Лаура представила всех дам, и они немного поболтали, стоя среди уличной толпы.

Если бы Лаура встретила мистера Медоуза в Уитчерче, они просто перекинулись бы парой фраз, но, встретившись в таком большом городе, как Лондон, они ощутили большую близость.

Мистер Медоуз вежливо попросил позволения угостить дам чашечкой кофе. Хетти живо заинтересовалась предложением, и, не тратя лишних слов, мистер Медоуз провел дам в закусочную.

– Где вы остановились? – спросил и получил ответ мистер Медоуз.

– Надеюсь, вы навестите нас в свободную минутку, мистер Медоуз, – сказала Лаура. – У нас не так много знакомых в Лондоне.

– Барон Пильмур в городе? – спросил мистер Медоуз и убедился в том, что подозревал: баронесса приехала для того, чтобы найти себе мужа.

– Откуда вы? – спросил он ее с возросшим интересом.

– Я из Корнуолла, – ответила Оливия.

– У вас было долгое путешествие, – произнес мистер Медоуз, улыбаясь баронессе и Хетти Тремур.

– Мы никогда бы не проделали его, если бы не наша берлина, – сказала Хетти. – Старая дорожная карета причиняет, правда, некоторые неудобства проезжающим по дороге, но зато в ее салоне прекрасные условия для длительного путешествия.

На лице мистера Медоуза появилась легкая улыбка удивления:

– Берлина, вы говорите? Думаю, я… видел ее. У нее зеленая круглая крыша?

Он встретился глазами с Лаурой. Она вспыхнула.

– Миссис Тремур собирается купить городской экипаж, – сказала Лаура.

– А мне хотелось бы приобрести скаковую лошадь, – добавила Оливия, подбрасывая Лауре многозначительный взгляд.

Лаура догадалась, чего она добивается, и так как мистер Медоуз был настроен чрезвычайно дружелюбно, она решила попросить:

– Может быть, вы дадите нам совет, мистер Медоуз, мы всего лишь женщины, а иногда так нужна в делах мужская помощь.

Нет лучшего способа польстить джентльмену, как попросить его совета по поводу лошадей и карет.
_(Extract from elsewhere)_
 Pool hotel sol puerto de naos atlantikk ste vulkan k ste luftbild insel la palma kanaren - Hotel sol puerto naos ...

Мистер Медоуз знал с полдюжины великолепных экипажей, упряжек, лошадей, и в течение следующего получаса дамы с удовольствием перечисляли ему свои нужды. Оливии требовался резвый скакун, а что касается кареты, то мистеру Медоузу дали понять, что деньги не составляют проблему, главное и единственное требование – твердая спинка сиденья.
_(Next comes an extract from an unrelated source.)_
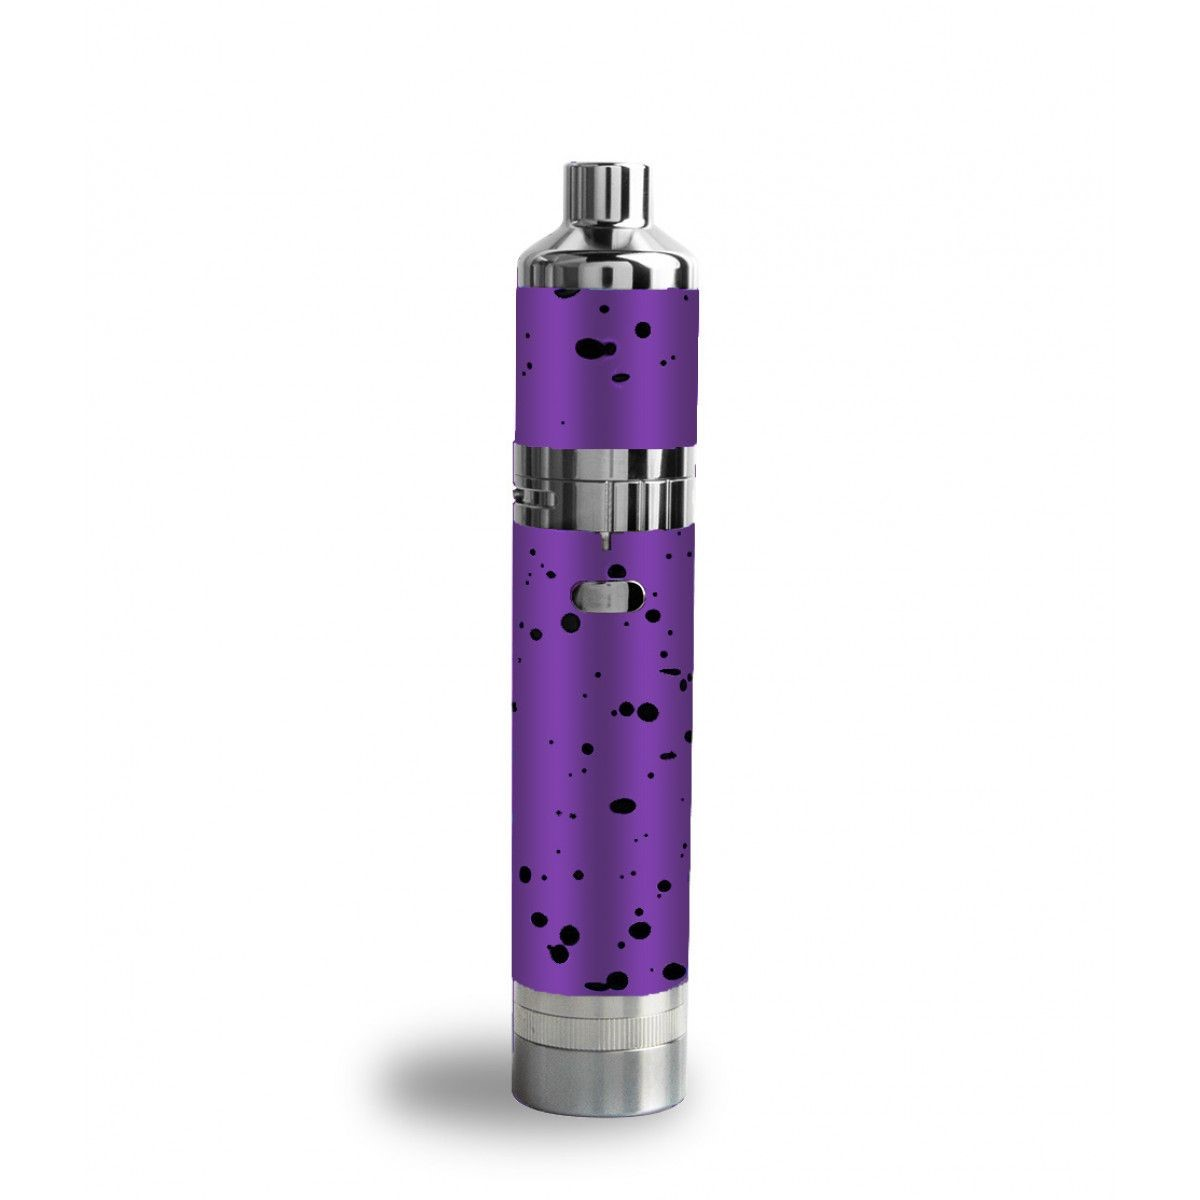 Authentic purple and black vaporizer

После двух чашек кофе мистер Медоуз проводил дам к карете и обещал посвятить остаток дня решению их проблем, чтобы вечером зайти с отчетом.

– Он истинный джентльмен, – сказала Хетти и в очередной раз повторилась. – Я так благодарна тебе, Лаура, за то, что ты поехала с нами. Мы с Ливви понятия не имели, как раздобыть экипаж и лошадей.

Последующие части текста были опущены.